Collective bargaining agreements = better than you think

Karin Bolling-Ferrel negotiates the Technical Services Agreement, which is the collective bargaining agreement applied by, among others, tech companies, game developers as well as technical consulting companies. Below, Karin dispels nine common myths about collective bargaining agreements.

1. We get tied down in our salary review process. Collective bargaining agreements mean that we are not allowed to set individual salaries or provide higher salary raises than the "benchmark"

Not correct at all! Our collective bargaining agreements provide for individual salary setting based on, for example, performance. The "benchmark" regulates the minimum salary raise that applies in total at the company unless you agree on something else; you can always elect to pay higher raises than that.

2. Collective bargaining agreements do not suit a global company

Regardless of where the company operates geographically, there are legal rules to follow. This is also the case in Sweden and it is not something that the company can opt out of. Our collective bargaining agreements replace the Swedish legal regulations for more flexibility. It is therefore not true that collective bargaining agreements are not suitable for global companies. In addition, many of our member companies are successful globally.

3. You cannot have employee stock options when you have a collective bargaining agreement

In our collective bargaining agreements, there are no obstacles to having employee stock options, bonus systems or other incentive programs.

4. Collective bargaining agreements do not work for our unique business in tech

A collective bargaining agreement contains rules that change the legislation to suit the needs of the industry. If you do not have a collective bargaining agreement, you must follow the legal regulations, which are less flexible. Collective bargaining agreements are a framework with great flexibility where employers and trade unions may agree on company-adapted solutions that suit the business. Unique solutions for unique companies, simply put.

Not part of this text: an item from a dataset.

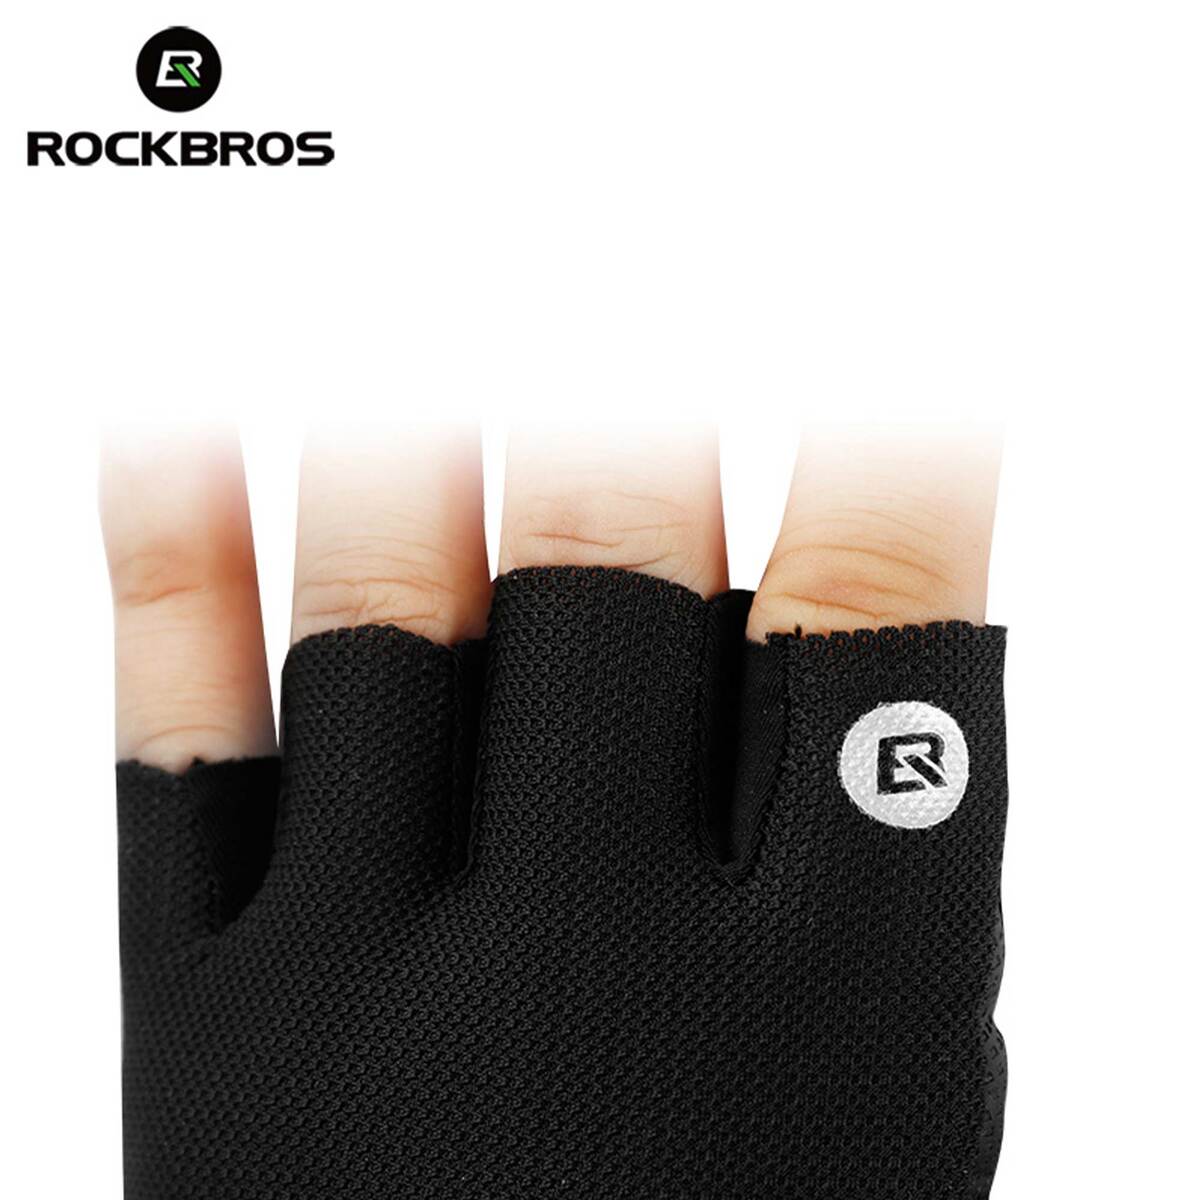 ROCKBROS Half Finger Cycling Gloves Red S106R Medium

5. Working hours rules become less flexible

We have replaced the Working Hours Act with our own rules that are more flexible than the legislation. In our agreements, for example, you can have the option of night work if necessary; there are also ample opportunities to handle work peaks before deadlines and the like.

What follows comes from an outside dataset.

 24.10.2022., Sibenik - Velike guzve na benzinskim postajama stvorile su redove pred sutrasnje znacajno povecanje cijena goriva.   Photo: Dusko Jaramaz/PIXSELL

6. We have better occupational pension plans

The collectively agreed occupational pension plans provide security and support for employers who do not have to procure them on their own. There is also a large range of procured funds and pension managers for employees to choose from. In addition, they provide more in the employees' wallets for every krona paid in, as the collectively agreed pension managers have lower fees and administration costs that otherwise eat up large parts of the saved pension capital. Overall, almost no insurance solutions that companies procure for themselves provide an equally high occupational pension. It is therefore be a win-win for employers and employees.

7. The company becomes less nimble as it is necessary to negotiate with the union

This is a common misconception we come across. According to the Co-Determination Act (MBL), companies with collective bargaining agreements need to consult more important changes and these are consulted only with the trade union parties who are parties to the collective bargaining agreement. Without a collective bargaining agreement, companies need to consult with all union affiliations that exist in the workplace in the event of, for example, redundancy. This makes the negotiations more time-consuming than with collective bargaining agreements.

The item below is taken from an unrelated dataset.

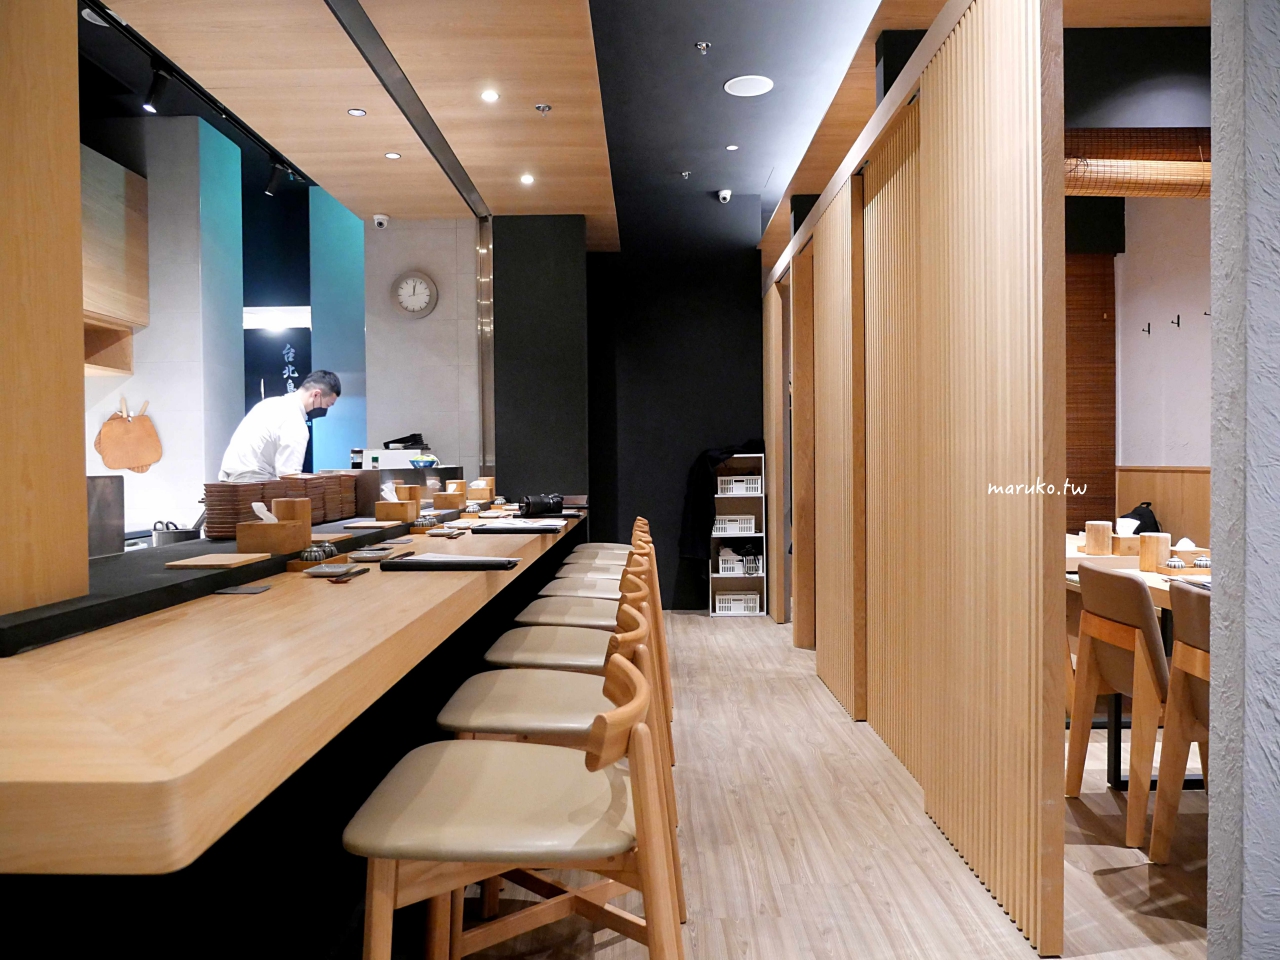 【台北】台北鳥喜 隱藏在五星級酒店內的米其林指南東京一星燒鳥專門店 @Maruko與美食有個約會

8. With a collective bargaining agreement, the union has the decision-making power

A collective bargaining agreement in no way restricts the employer's right to decide on its own operations, even if the union in some instances has the right to opine on more important changes to the operations before the employer make the decision.

9. You may not offer additional benefits and insurance such as health care insurance

There are no obstacles to offering that type of insurance and benefits. Our collective bargaining agreements do not govern such benefits or such things as wellness allowances, lunch benefits or other things. It is entirely up to the employer to decide.